We reject the null hypothesis at the 5% threshold. The two clusters apparently result from different distributions.

In [None]:

for i in range(0,n_clust):
    n, bins, patches = plt.hist(df_clust[i].y.dropna().values, 50, normed=1, facecolor='green', alpha=0.75)
    plt.xlabel('y Value')
    plt.ylabel('Occurence')
    plt.title(r'Distribution of y Value for Cluster '+str(i))
    plt.show()
    print("Mean value: {:.3e}".format(df_clust[i].y.dropna().mean()))
    print("Standard deviation: {:.3e}".format(df_clust[i].y.dropna().std()))
    print("Median value: {:.3e}".format(df_clust[i].y.dropna().median()))
    print("Skew: {:.3e}".format(df_clust[i].y.dropna().skew()))
    print("Kurtosis: {:.3e}".format(df_clust[i].y.dropna().kurtosis()))

## Kolmogorov-Smirnov Analysis on the Common Features

In [None]:
p_values_y = map(lambda x: stats.ks_2samp(df_clust[0][x].dropna().values, df_clust[1][x].dropna().values)[1],common_cols)

def isrejected(pval,th = 0.05):
    if pval < th:
        return "rejected"
    else:
        return "not rejected"
for pv in list(p_values_y):
    print("{:.3e}: {}".format(pv,isrejected(pv)))

In [None]:
df_clust[1].shape

## Inter-Cluster Features Correlation

I would like to see now if some correlations exist between the features that are common to both clusters and those that are related to only one of them. The idea would be to use some models to fill missing values based on the non-empty data, in order to keep more features (or to avoid to fill them with their averages).

In [None]:
#This code's purpose is to make sure that the cluster 0 in my previous analysis is the same here.

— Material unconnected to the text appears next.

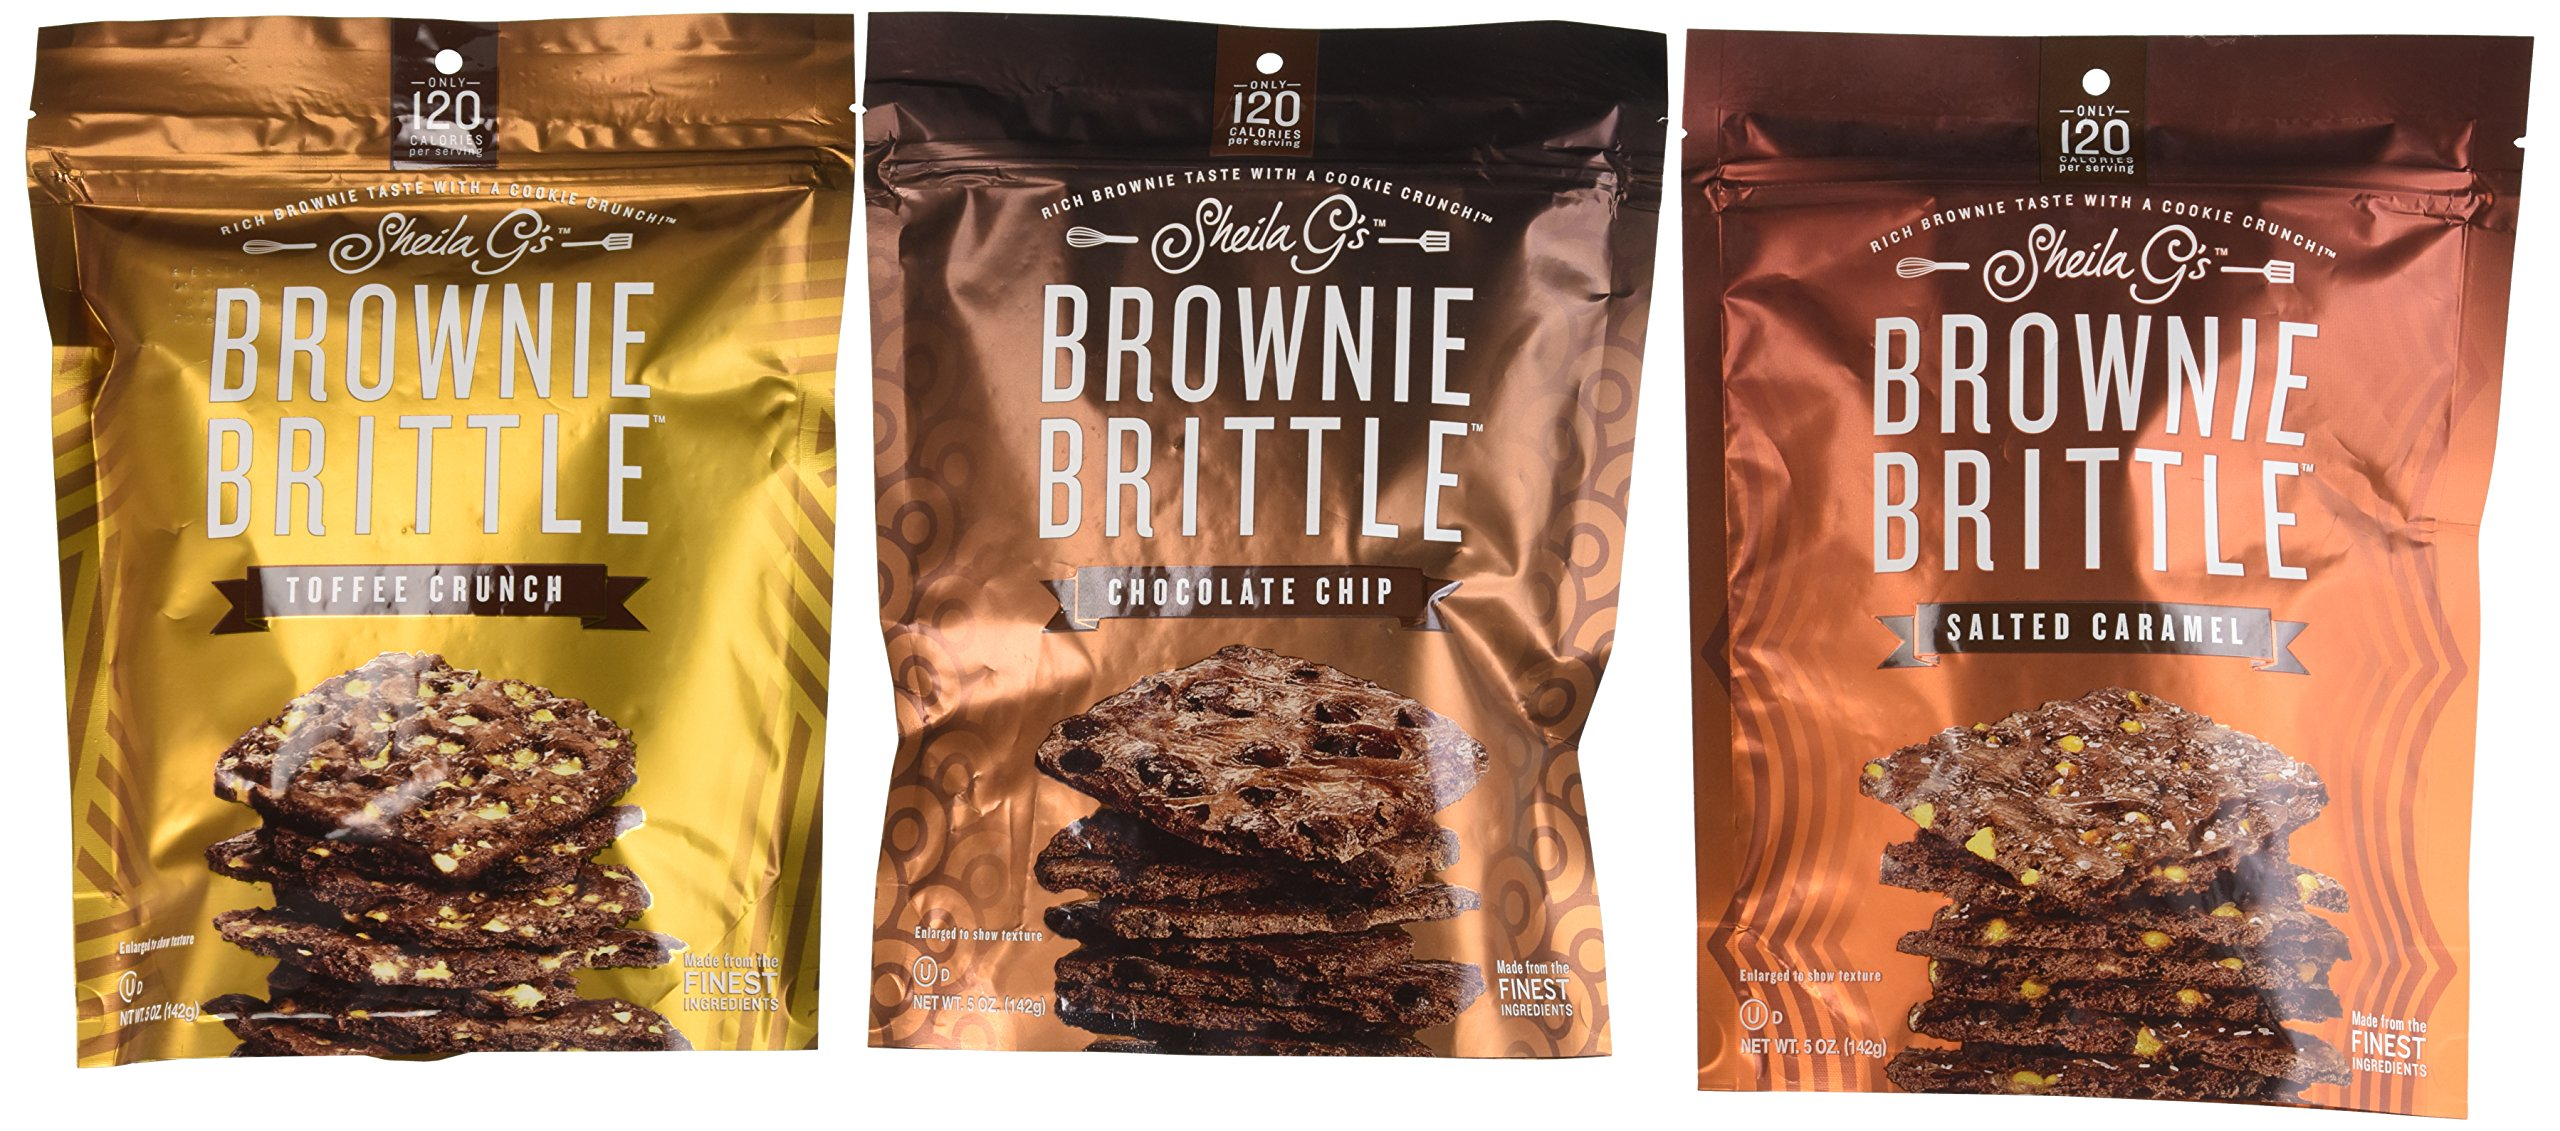 Sheila G's Brownie Brittle 3 Flavor Variety Bundle: (1) Sheila G's Salted Caramel Brownie Brittle, (1) Sheila G's Chocolate Chip Brownie Brittle, and (1) Sheila G's Toffee Crunch Brownie Brittle, 5 Oz. Ea. (3 Bags Total)
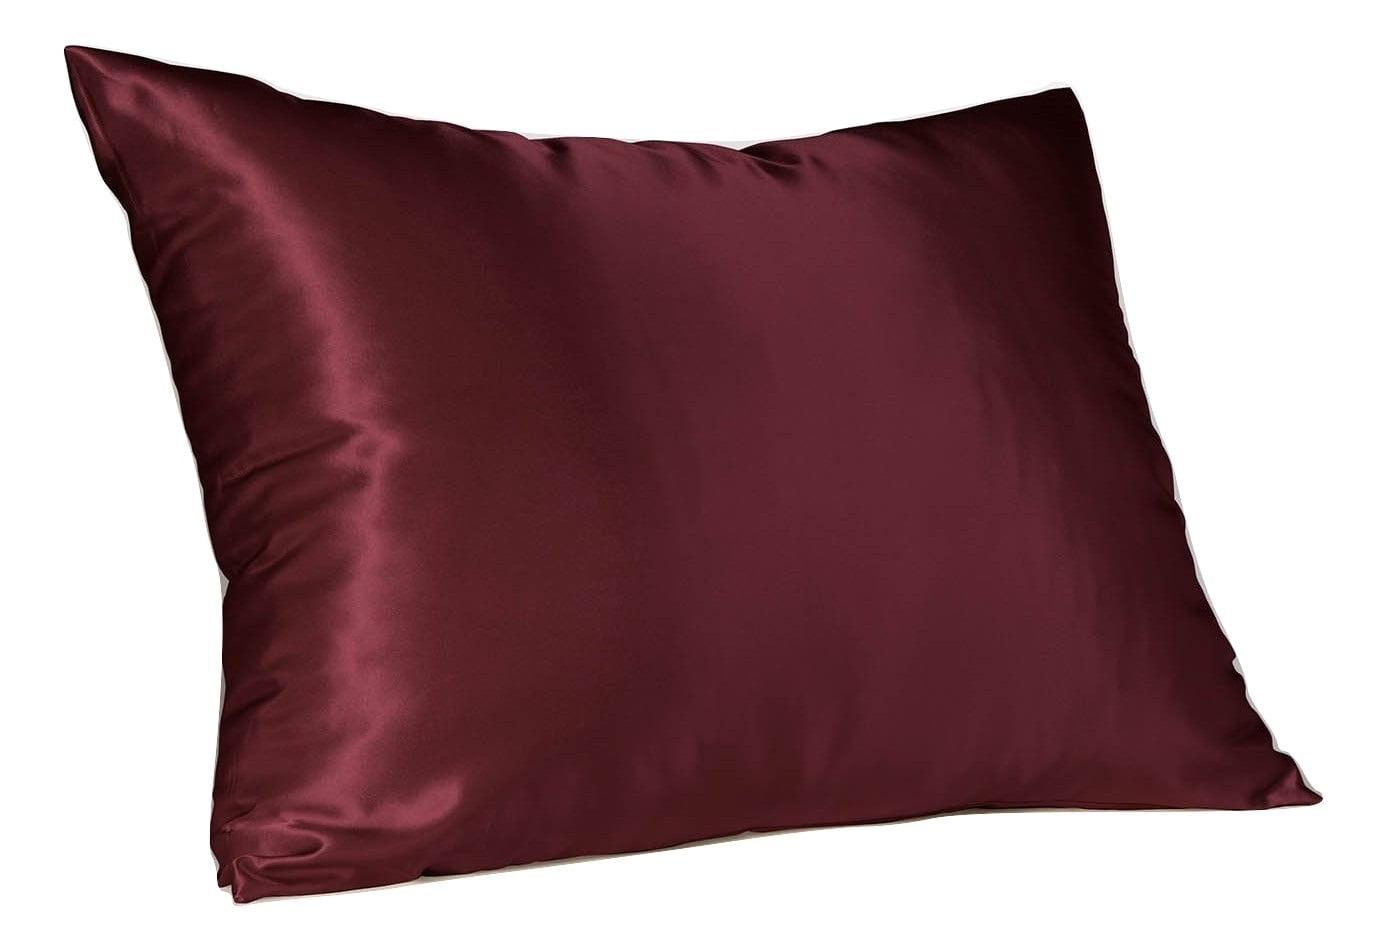 Sweet Dreams Luxury Satin Pillowcase With Zipper Silky

if(non_null_0.loc[non_null_0 > non_null_threshold].index.isin(col_0).sum() < 24):
    temp_df = df_clust[0]
    df_clust[0] = df_clust[1]
    df_clust[1] = temp_df

In [None]:
cl=0
cols=[col_0,col_1]
for cl in [0,1]:
    remaining_cols = [x for x in cols[cl] if x not in cols[1-cl]]

    df_corr = df_clust[cl][common_cols + remaining_cols]
    df_corr = df_corr.corr()

    df_corr = df_corr[common_cols].loc[df_corr.index.isin(remaining_cols)]

    cmap = sns.diverging_palette(220, 10, as_cmap=True)
    f, ax = plt.subplots(figsize=(11, 9))
    sns.heatmap(df_corr, cmap=cmap, vmax=1,
                square=True, xticklabels=True, yticklabels=True,
                linewidths=.5, cbar_kws={"shrink": .5}, ax=ax)

From the cluster 0, it might be possible to create a model on 'fundamental_21', 'fundamental_54' and 'fundamental_60'. From the cluster 1, 'technical_14' and 'technical_43'.